Data entries –
——

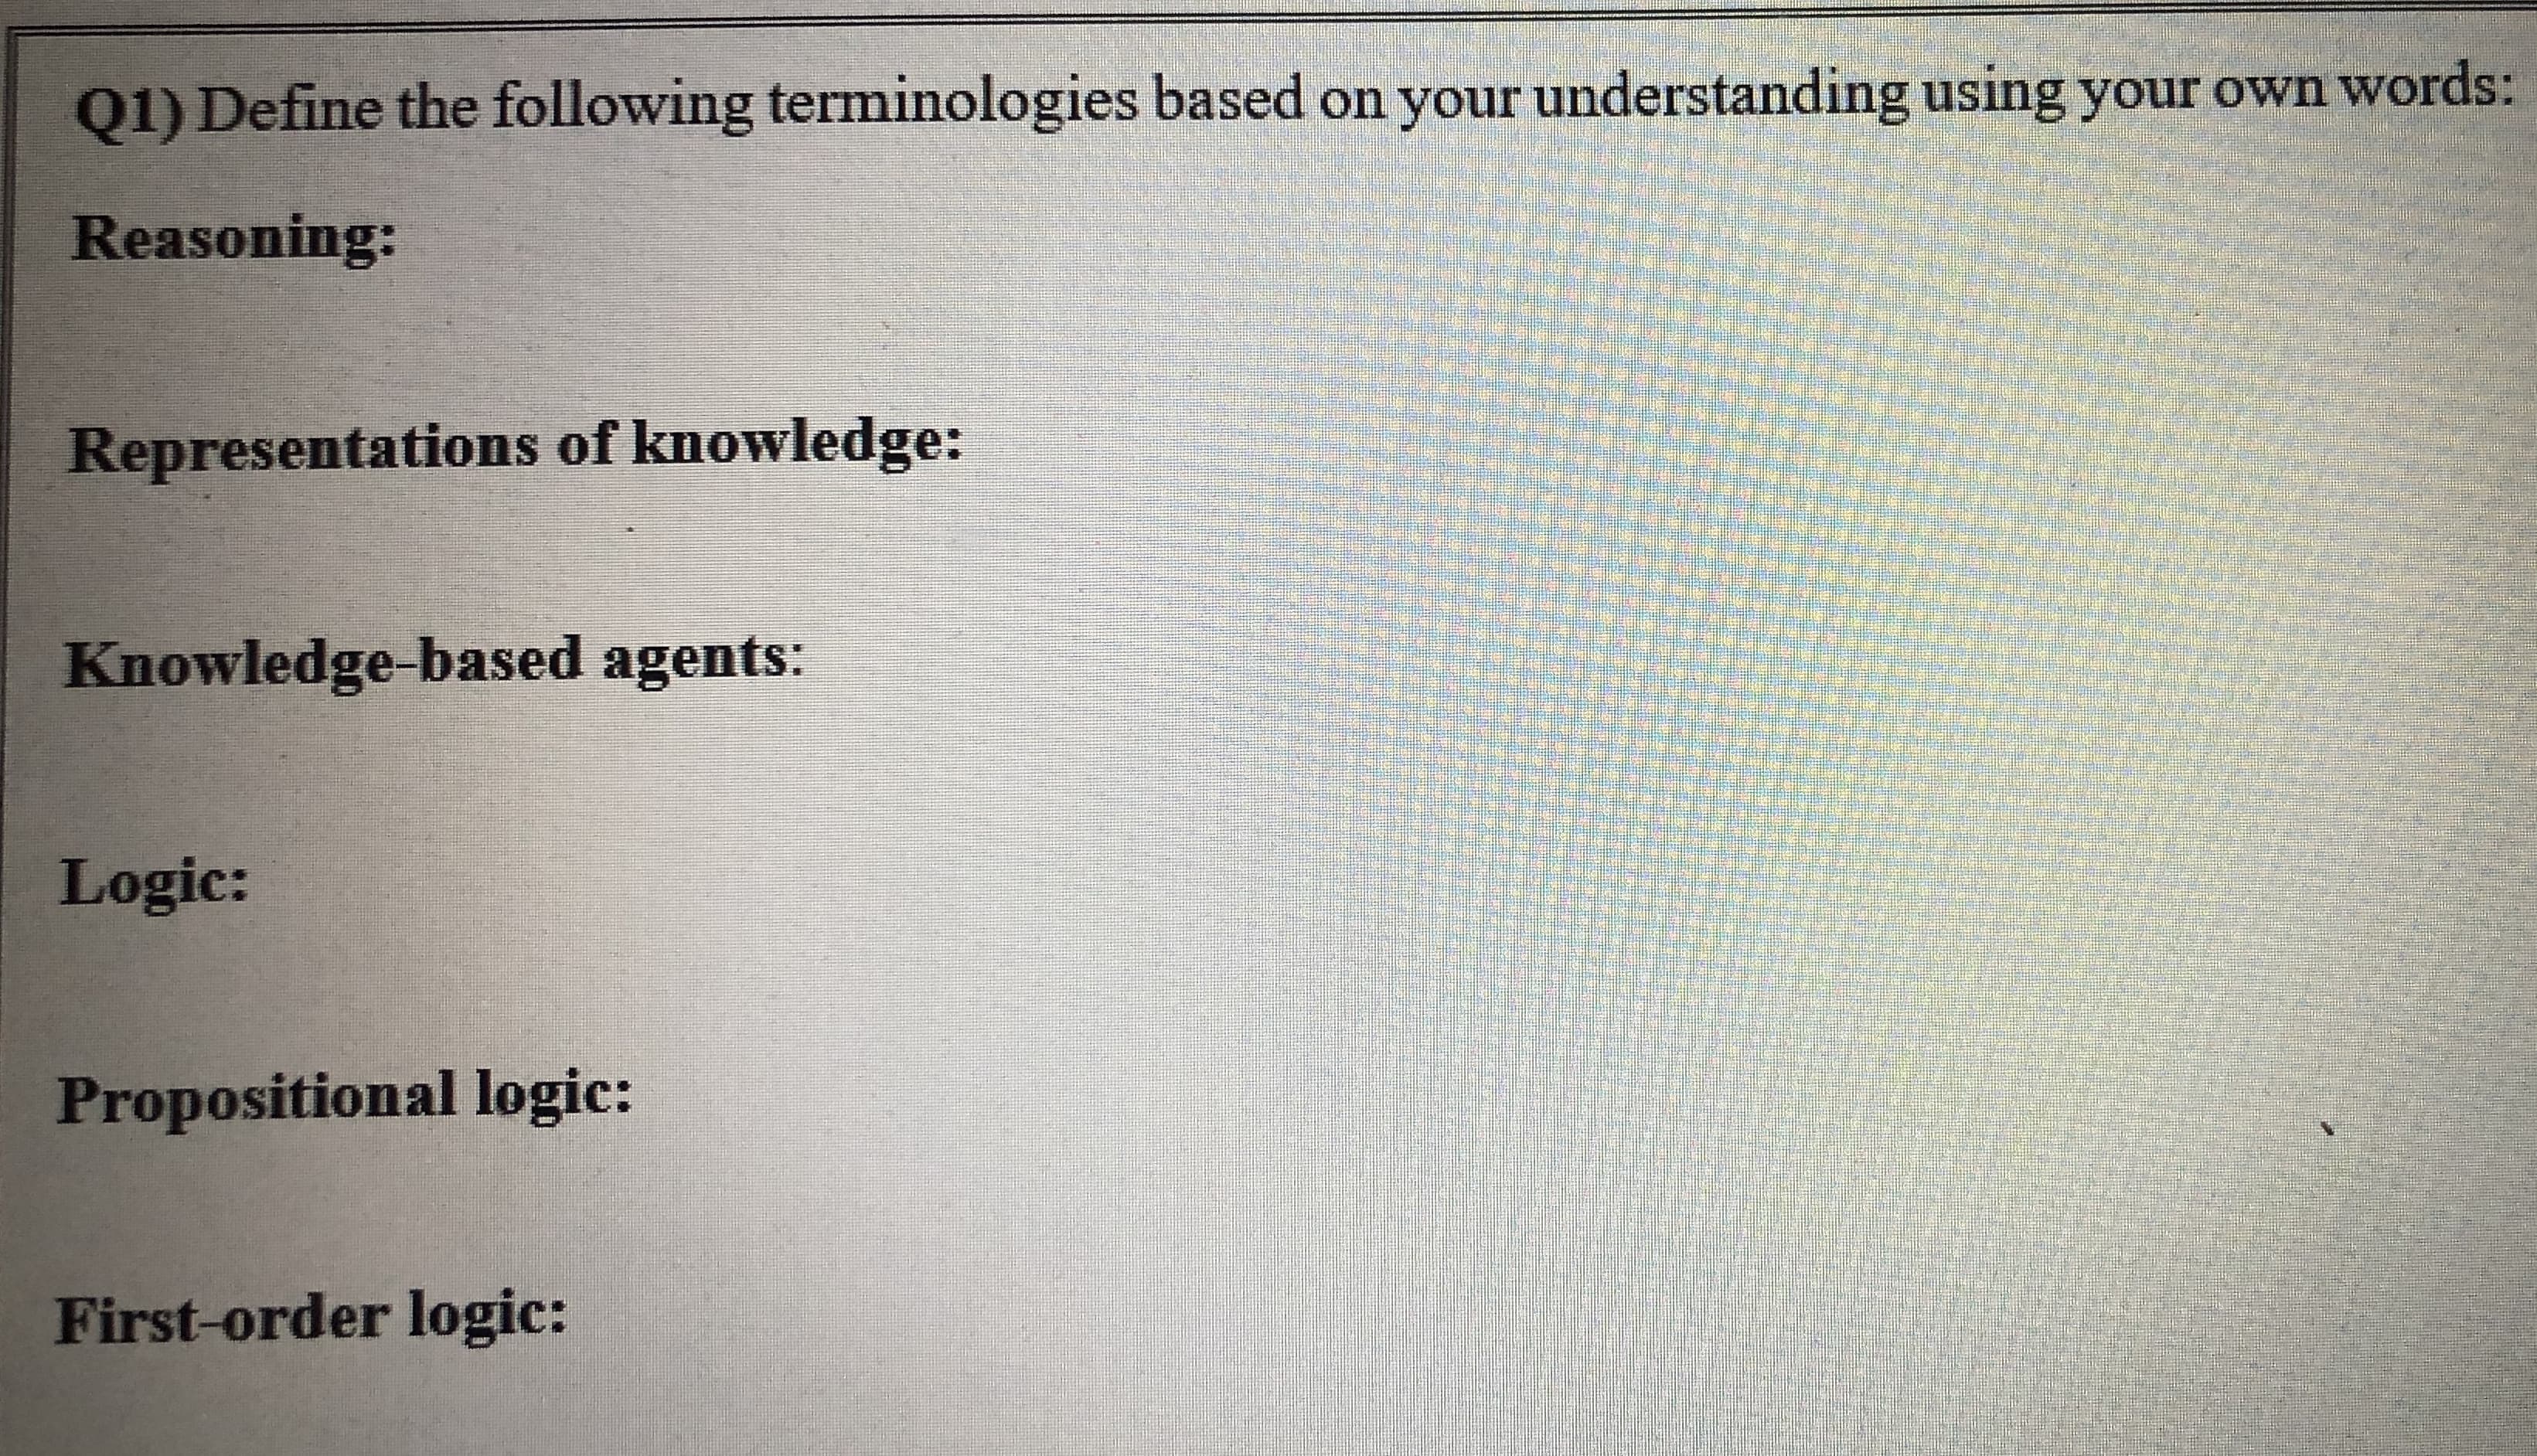 Q1) Define the following terminologies based on your understanding using your own words:
Reasoning:
Representations of knowledge:
Knowledge-based agents:
Logic:
Propositional logic:
First-order logic:

——

Task to carry out – After removing each picture, print the entries above exactly as they were.

Problem solution –
 Q1) Define the following terminologies based on your understanding using your own words:
Reasoning:
Representations of knowledge:
Knowledge-based agents:
Logic:
Propositional logic:
First-order logic:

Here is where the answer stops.